Data block:
============

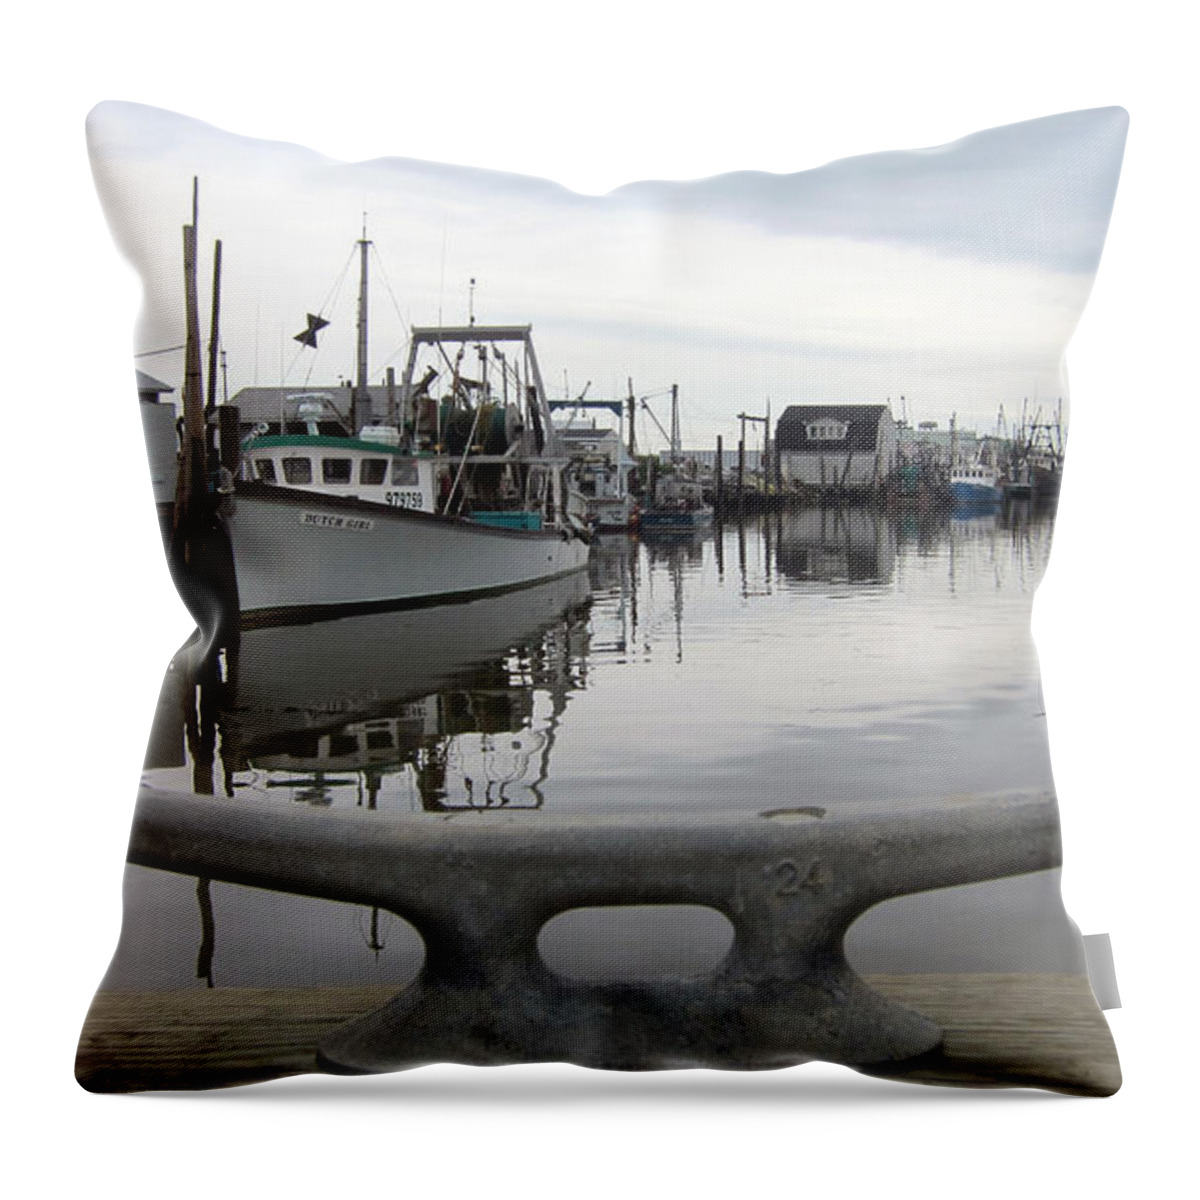 Nj Shore Throw Pillow featuring the photograph Belford NJ 2 by Leonardo Ruggieri
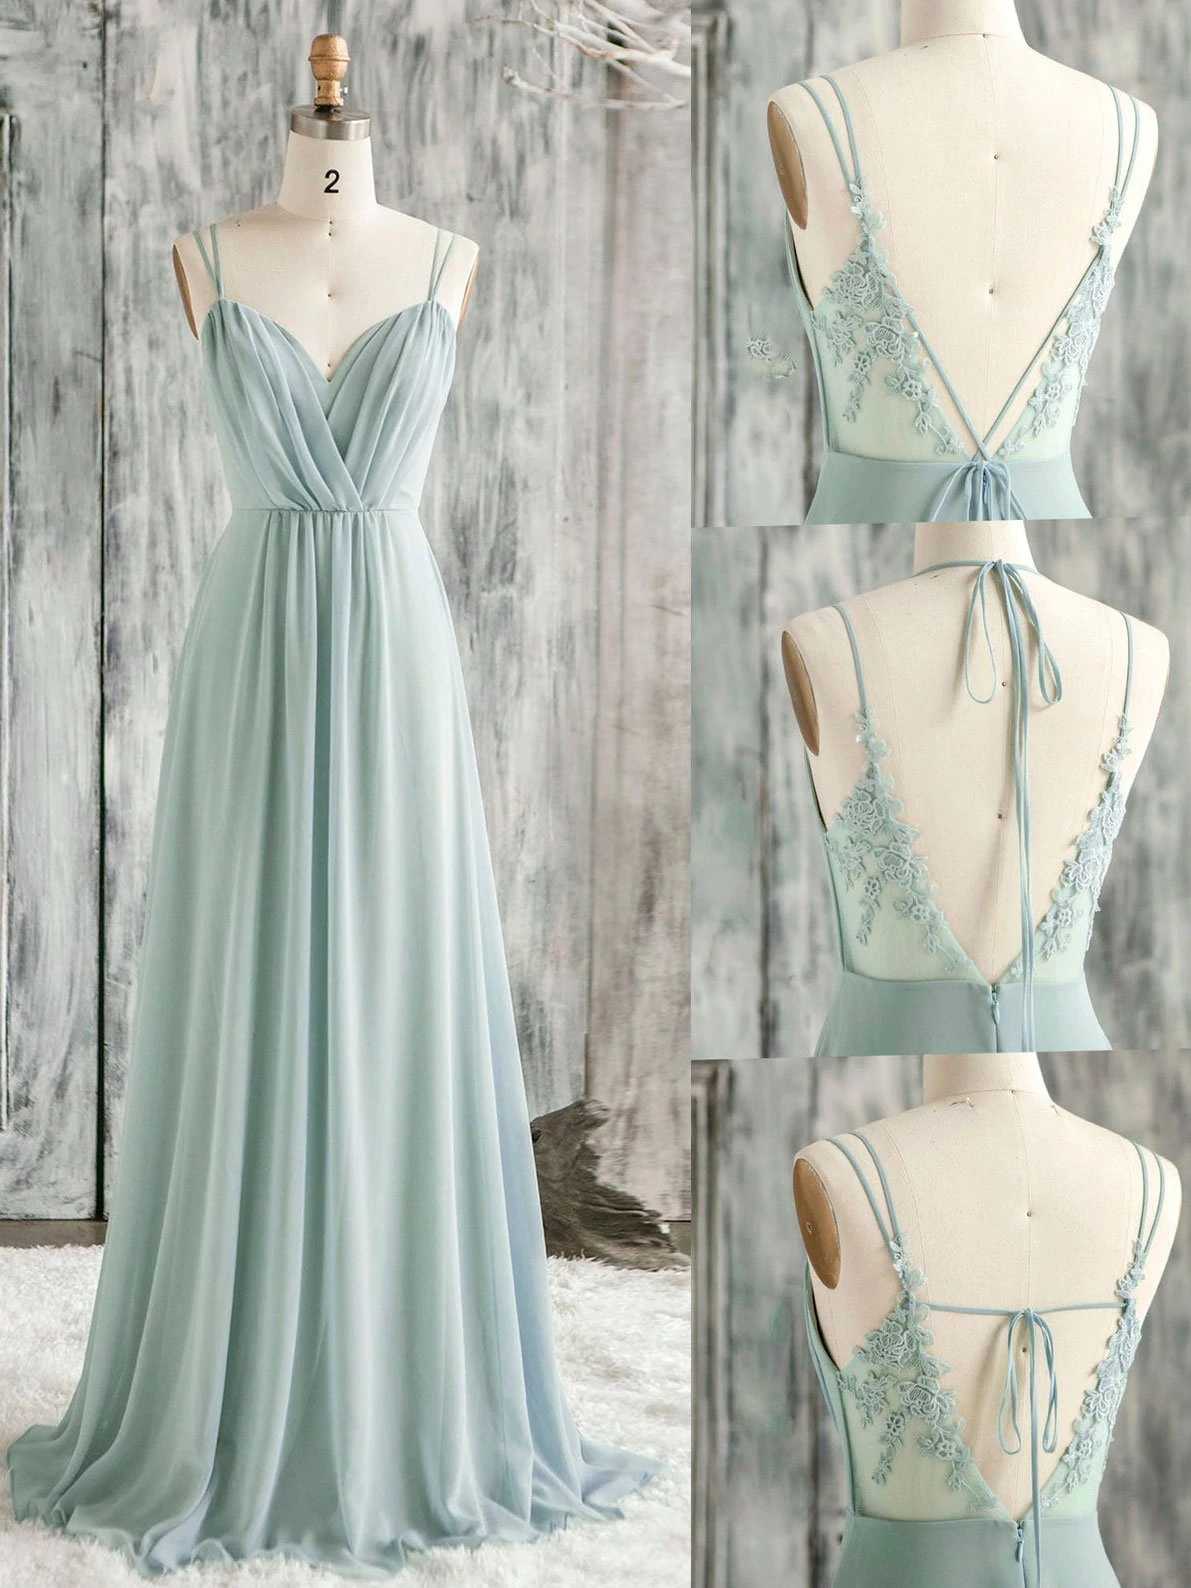 lace sage green bridesmaid dresses long spaghetti straps chiffon a line cheap wedding party dresses robe ceremonie femme
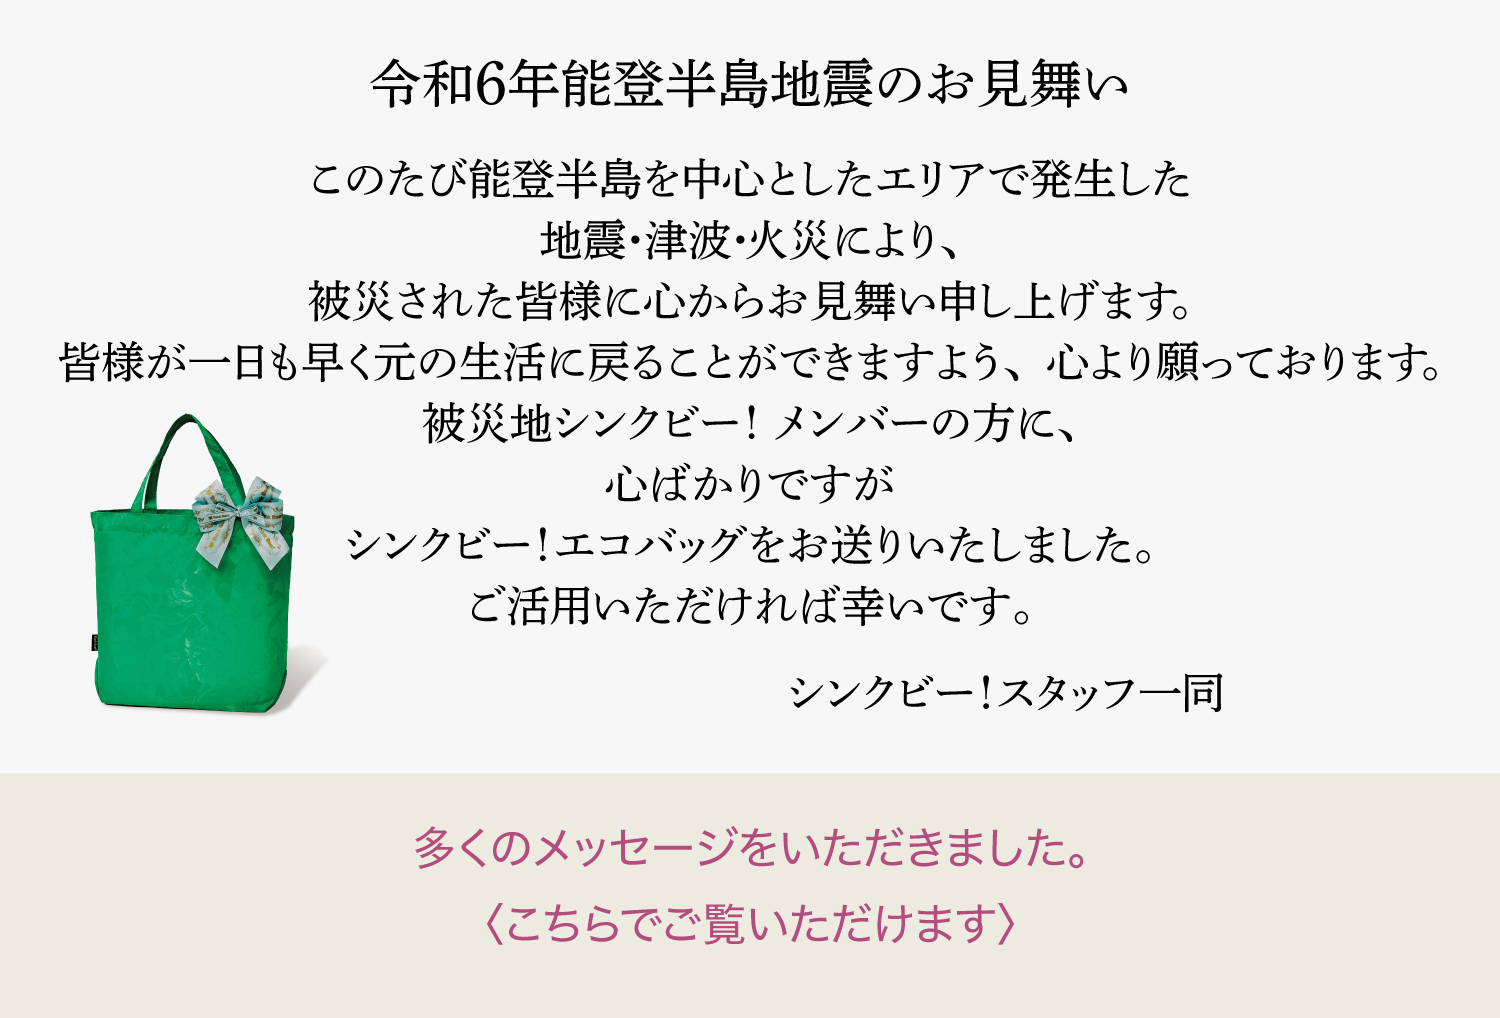 omimai_banner.jpg

============

What this task involves:
Everything from the line with "lace sage green" through the last line above must be repeated exactly, except the pictures.

Answer to the exercise:
 lace sage green bridesmaid dresses long spaghetti straps chiffon a line cheap wedding party dresses robe ceremonie femme
 omimai_banner.jpg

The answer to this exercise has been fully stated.